The squad now has to switch off the noise, put a lid on the adrenaline, and prepare for the next group game. Their supporters have no such obligation. For them, the lid has been blown clean off.

“It means everything. It means a lot,” said one fan in the throng. “It’s putting us back on the map. It shows that Mexico is present in the world of football.”

Infantino’s “chillax” and the bigger questions

High up the hierarchy, Gianni Infantino will have watched all this with no small amount of satisfaction.

On the eve of the tournament, the FIFA president bristled at the criticism aimed at his organisation. He dipped into early-2000s slang and told everyone to “chillax.” Now, with the football finally underway and Mexico throwing a city-wide party, he has the scenes he craved: full stadiums, fevered streets, and a host nation in love with the event.

For the moment, the mood music suits him. The chill pills, as he might put it, have been swallowed. The party is on.

But the scrutiny has not vanished. It has just been drowned out temporarily by drums and horns.

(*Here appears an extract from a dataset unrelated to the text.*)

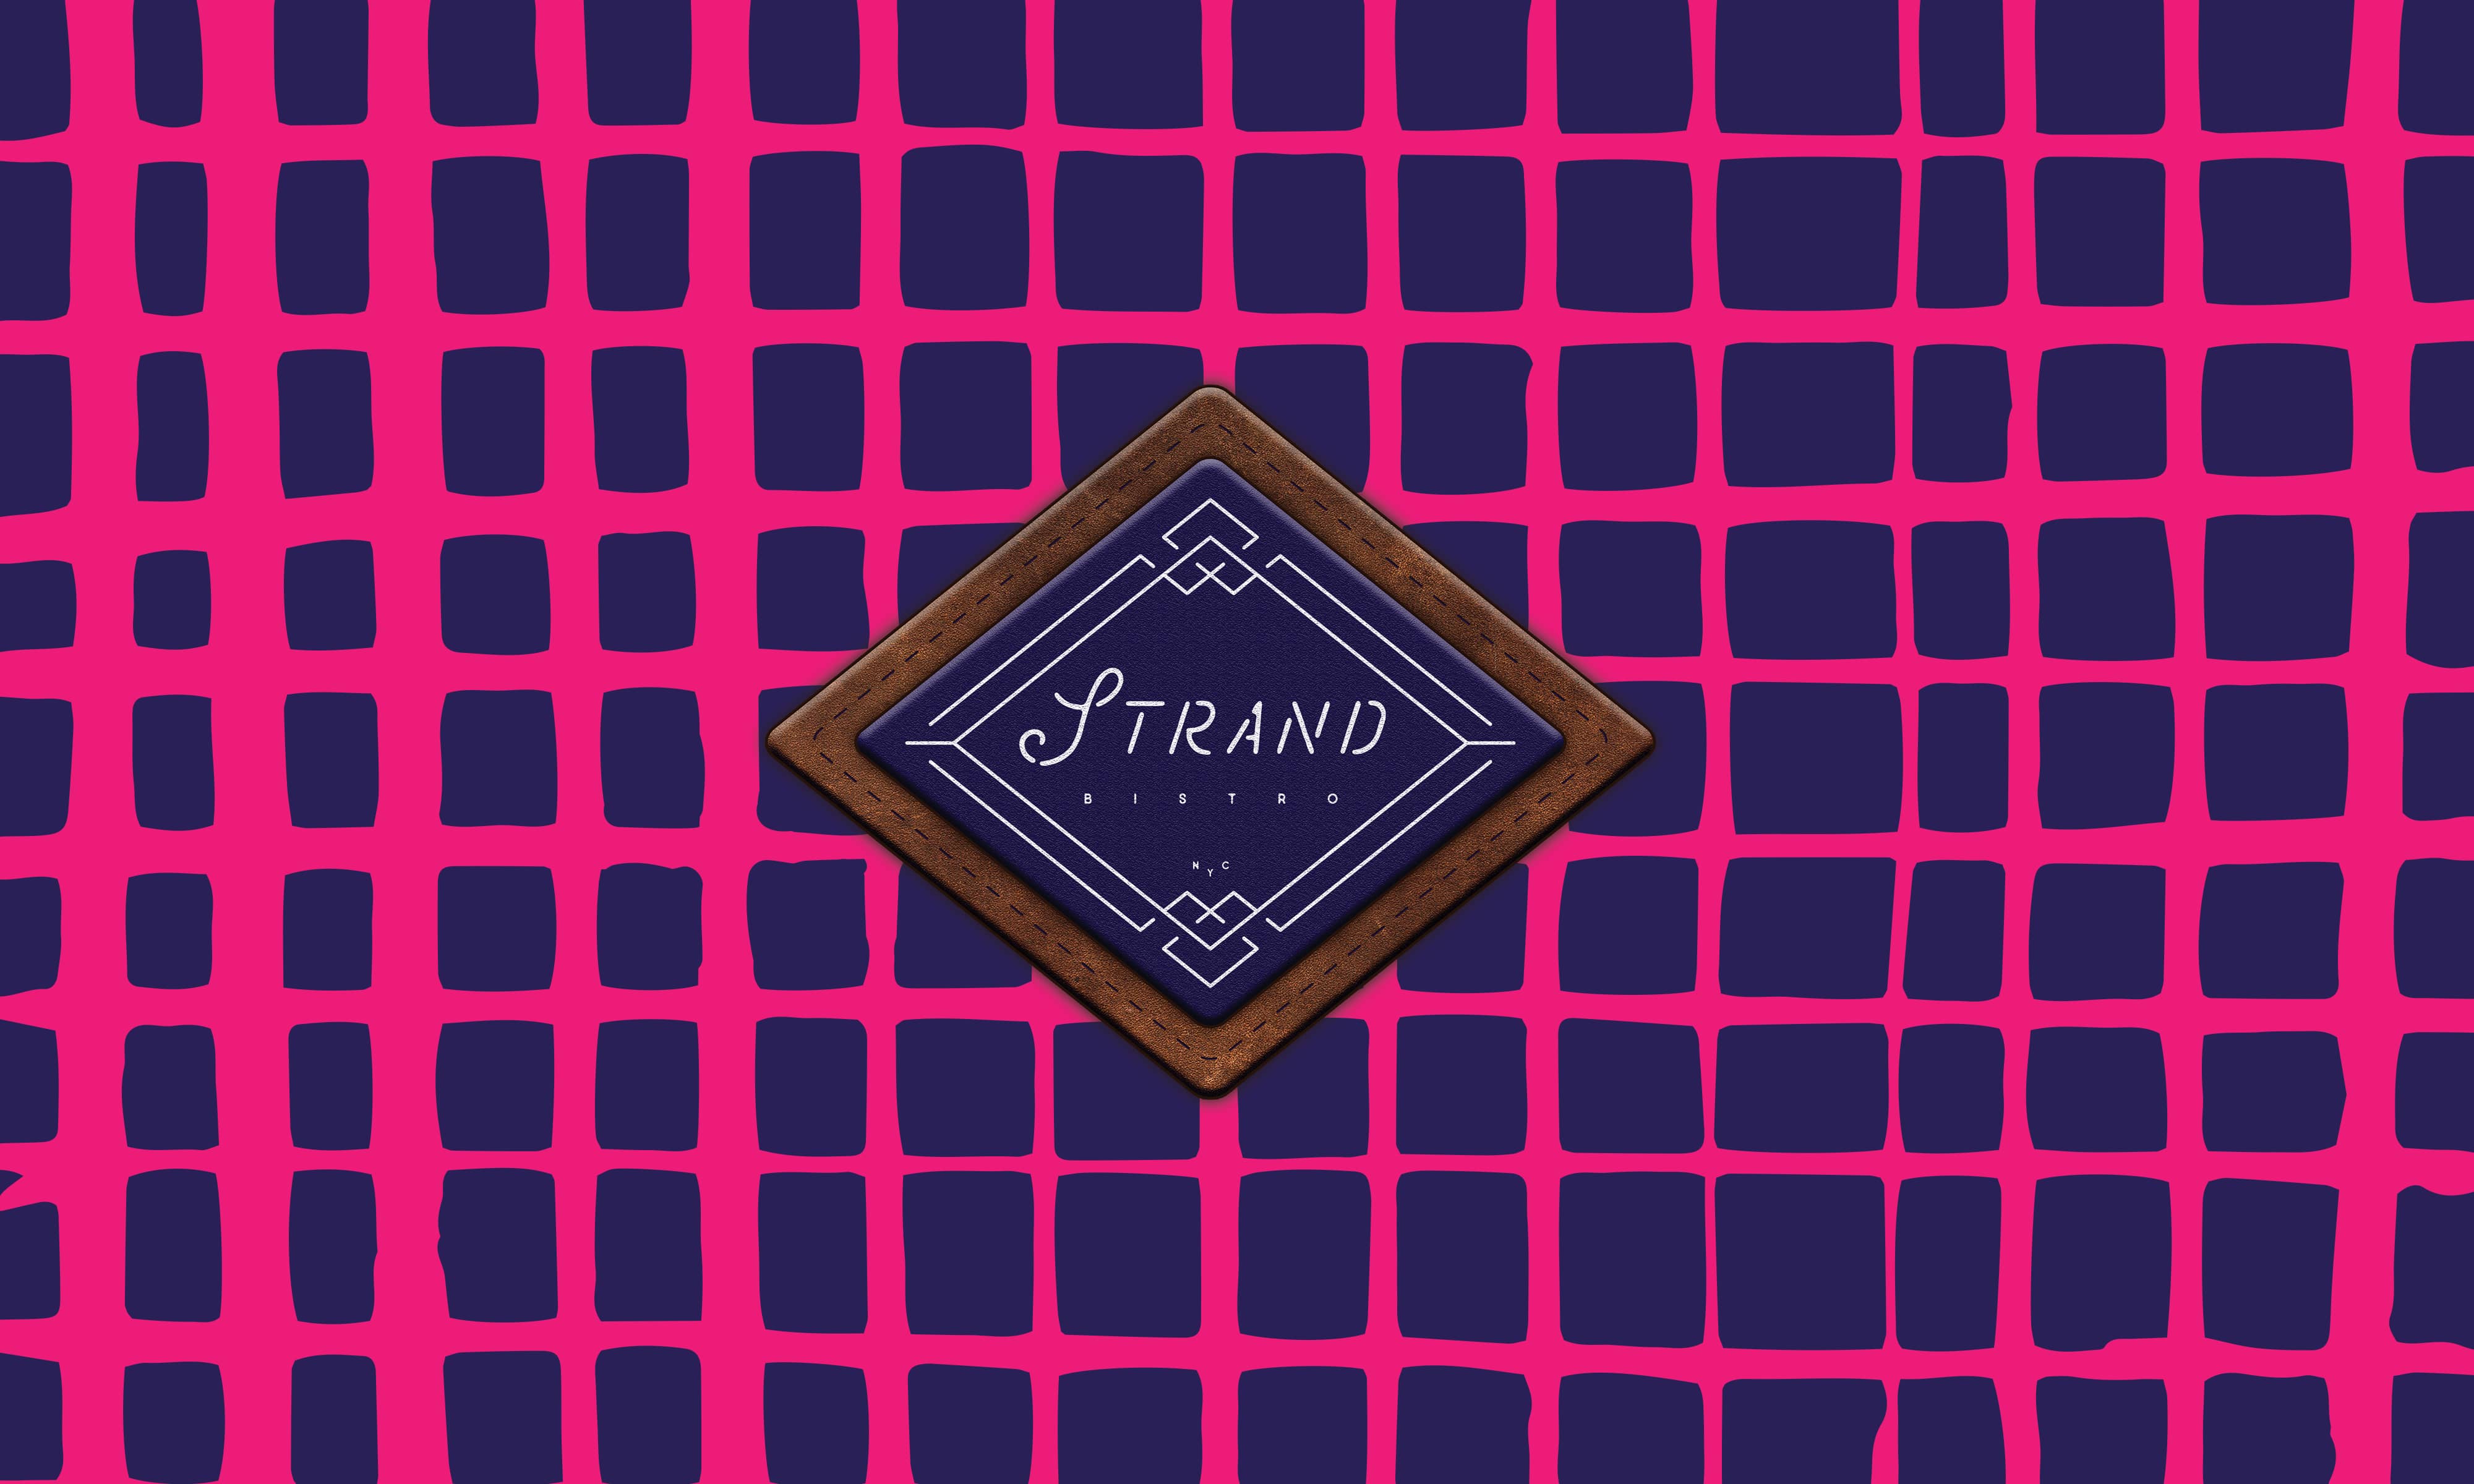 Strand Bistro NYC pattern

Mexico lives and breathes this sport, yet across the border the picture is different. In Canada and the United States, “soccer” still trails other codes in the national pecking order. The star-studded fixtures will draw huge crowds, but what about the rest? Will high ticket prices keep casual fans away from the lesser lights on the schedule?

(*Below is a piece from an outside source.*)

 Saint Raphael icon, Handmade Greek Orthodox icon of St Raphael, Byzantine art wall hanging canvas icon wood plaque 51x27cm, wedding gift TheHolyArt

There is another, sharper concern in the US: the looming presence of Immigration and Customs Enforcement, ICE. How visible will it be around matches? How will that affect migrant communities who might otherwise flock to see the world’s game in their adopted home?

Those questions will not go away. They will only grow louder as the tournament moves north and the stakes rise.

For now, though, Mexico has claimed opening night. The football spoke first, and the city answered with a roar. The real test lies ahead: can this World Cup keep that sound echoing from Mexico City all the way to the final whistle on North American soil?